WHAT THIS TASK INVOLVES: Print the lines that run from the line with "tresics femme basic" to the line with "Samsung Galaxy S4", keeping both end lines, exactly as they appear in the entries below, and nothing else.

DATA FOR THIS EXERCISE:
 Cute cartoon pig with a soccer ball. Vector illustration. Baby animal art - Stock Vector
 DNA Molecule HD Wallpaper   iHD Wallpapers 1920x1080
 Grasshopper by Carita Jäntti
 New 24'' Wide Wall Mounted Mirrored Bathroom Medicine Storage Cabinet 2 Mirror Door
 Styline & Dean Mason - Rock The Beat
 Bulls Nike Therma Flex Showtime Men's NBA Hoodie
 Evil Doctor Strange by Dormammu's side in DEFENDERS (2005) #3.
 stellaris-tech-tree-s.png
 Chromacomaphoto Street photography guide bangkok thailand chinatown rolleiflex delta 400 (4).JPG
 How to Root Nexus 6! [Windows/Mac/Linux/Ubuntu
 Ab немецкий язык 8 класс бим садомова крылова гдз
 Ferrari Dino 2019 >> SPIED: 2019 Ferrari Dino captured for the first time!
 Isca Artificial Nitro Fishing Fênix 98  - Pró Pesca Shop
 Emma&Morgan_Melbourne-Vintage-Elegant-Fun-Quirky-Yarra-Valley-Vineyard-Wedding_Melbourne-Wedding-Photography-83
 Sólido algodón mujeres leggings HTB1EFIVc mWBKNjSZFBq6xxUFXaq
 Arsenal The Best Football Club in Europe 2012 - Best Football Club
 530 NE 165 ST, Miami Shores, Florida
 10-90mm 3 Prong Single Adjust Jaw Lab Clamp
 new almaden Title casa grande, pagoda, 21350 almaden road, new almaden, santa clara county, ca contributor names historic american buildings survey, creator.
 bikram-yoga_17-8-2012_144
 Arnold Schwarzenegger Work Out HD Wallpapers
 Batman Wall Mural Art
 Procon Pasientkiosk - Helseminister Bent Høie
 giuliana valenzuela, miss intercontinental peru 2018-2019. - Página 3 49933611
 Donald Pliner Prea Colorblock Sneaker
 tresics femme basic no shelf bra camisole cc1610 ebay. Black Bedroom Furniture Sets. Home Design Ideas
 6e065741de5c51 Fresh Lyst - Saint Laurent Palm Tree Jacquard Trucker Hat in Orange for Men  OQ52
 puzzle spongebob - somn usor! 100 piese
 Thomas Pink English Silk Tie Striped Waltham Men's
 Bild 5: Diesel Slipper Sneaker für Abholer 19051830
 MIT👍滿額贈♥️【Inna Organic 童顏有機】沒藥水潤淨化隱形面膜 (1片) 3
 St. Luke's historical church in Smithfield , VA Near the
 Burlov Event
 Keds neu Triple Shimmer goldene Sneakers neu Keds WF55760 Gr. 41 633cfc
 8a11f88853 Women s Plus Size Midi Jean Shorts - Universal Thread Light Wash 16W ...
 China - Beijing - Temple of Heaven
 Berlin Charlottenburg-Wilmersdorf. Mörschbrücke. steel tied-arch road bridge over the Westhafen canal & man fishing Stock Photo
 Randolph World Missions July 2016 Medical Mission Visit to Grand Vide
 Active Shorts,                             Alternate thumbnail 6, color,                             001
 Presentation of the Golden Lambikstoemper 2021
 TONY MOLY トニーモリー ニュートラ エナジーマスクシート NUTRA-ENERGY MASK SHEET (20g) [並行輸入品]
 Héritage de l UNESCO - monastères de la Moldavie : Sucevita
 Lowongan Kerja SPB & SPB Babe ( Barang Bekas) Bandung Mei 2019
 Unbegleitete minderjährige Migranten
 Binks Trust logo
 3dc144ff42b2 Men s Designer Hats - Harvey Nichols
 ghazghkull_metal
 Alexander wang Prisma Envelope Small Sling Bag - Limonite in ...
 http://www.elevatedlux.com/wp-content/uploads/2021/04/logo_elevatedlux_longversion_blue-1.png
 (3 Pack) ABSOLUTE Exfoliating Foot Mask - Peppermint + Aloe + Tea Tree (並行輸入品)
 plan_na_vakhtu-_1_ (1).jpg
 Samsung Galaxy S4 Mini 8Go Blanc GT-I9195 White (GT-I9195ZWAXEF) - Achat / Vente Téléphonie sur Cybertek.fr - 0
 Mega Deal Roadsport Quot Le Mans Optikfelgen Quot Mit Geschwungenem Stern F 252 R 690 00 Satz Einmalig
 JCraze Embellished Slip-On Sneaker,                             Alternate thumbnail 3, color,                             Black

REPLY TO THE TASK:
 tresics femme basic no shelf bra camisole cc1610 ebay. Black Bedroom Furniture Sets. Home Design Ideas
 6e065741de5c51 Fresh Lyst - Saint Laurent Palm Tree Jacquard Trucker Hat in Orange for Men  OQ52
 puzzle spongebob - somn usor! 100 piese
 Thomas Pink English Silk Tie Striped Waltham Men's
 Bild 5: Diesel Slipper Sneaker für Abholer 19051830
 MIT👍滿額贈♥️【Inna Organic 童顏有機】沒藥水潤淨化隱形面膜 (1片) 3
 St. Luke's historical church in Smithfield , VA Near the
 Burlov Event
 Keds neu Triple Shimmer goldene Sneakers neu Keds WF55760 Gr. 41 633cfc
 8a11f88853 Women s Plus Size Midi Jean Shorts - Universal Thread Light Wash 16W ...
 China - Beijing - Temple of Heaven
 Berlin Charlottenburg-Wilmersdorf. Mörschbrücke. steel tied-arch road bridge over the Westhafen canal & man fishing Stock Photo
 Randolph World Missions July 2016 Medical Mission Visit to Grand Vide
 Active Shorts,                             Alternate thumbnail 6, color,                             001
 Presentation of the Golden Lambikstoemper 2021
 TONY MOLY トニーモリー ニュートラ エナジーマスクシート NUTRA-ENERGY MASK SHEET (20g) [並行輸入品]
 Héritage de l UNESCO - monastères de la Moldavie : Sucevita
 Lowongan Kerja SPB & SPB Babe ( Barang Bekas) Bandung Mei 2019
 Unbegleitete minderjährige Migranten
 Binks Trust logo
 3dc144ff42b2 Men s Designer Hats - Harvey Nichols
 ghazghkull_metal
 Alexander wang Prisma Envelope Small Sling Bag - Limonite in ...
 http://www.elevatedlux.com/wp-content/uploads/2021/04/logo_elevatedlux_longversion_blue-1.png
 (3 Pack) ABSOLUTE Exfoliating Foot Mask - Peppermint + Aloe + Tea Tree (並行輸入品)
 plan_na_vakhtu-_1_ (1).jpg
 Samsung Galaxy S4 Mini 8Go Blanc GT-I9195 White (GT-I9195ZWAXEF) - Achat / Vente Téléphonie sur Cybertek.fr - 0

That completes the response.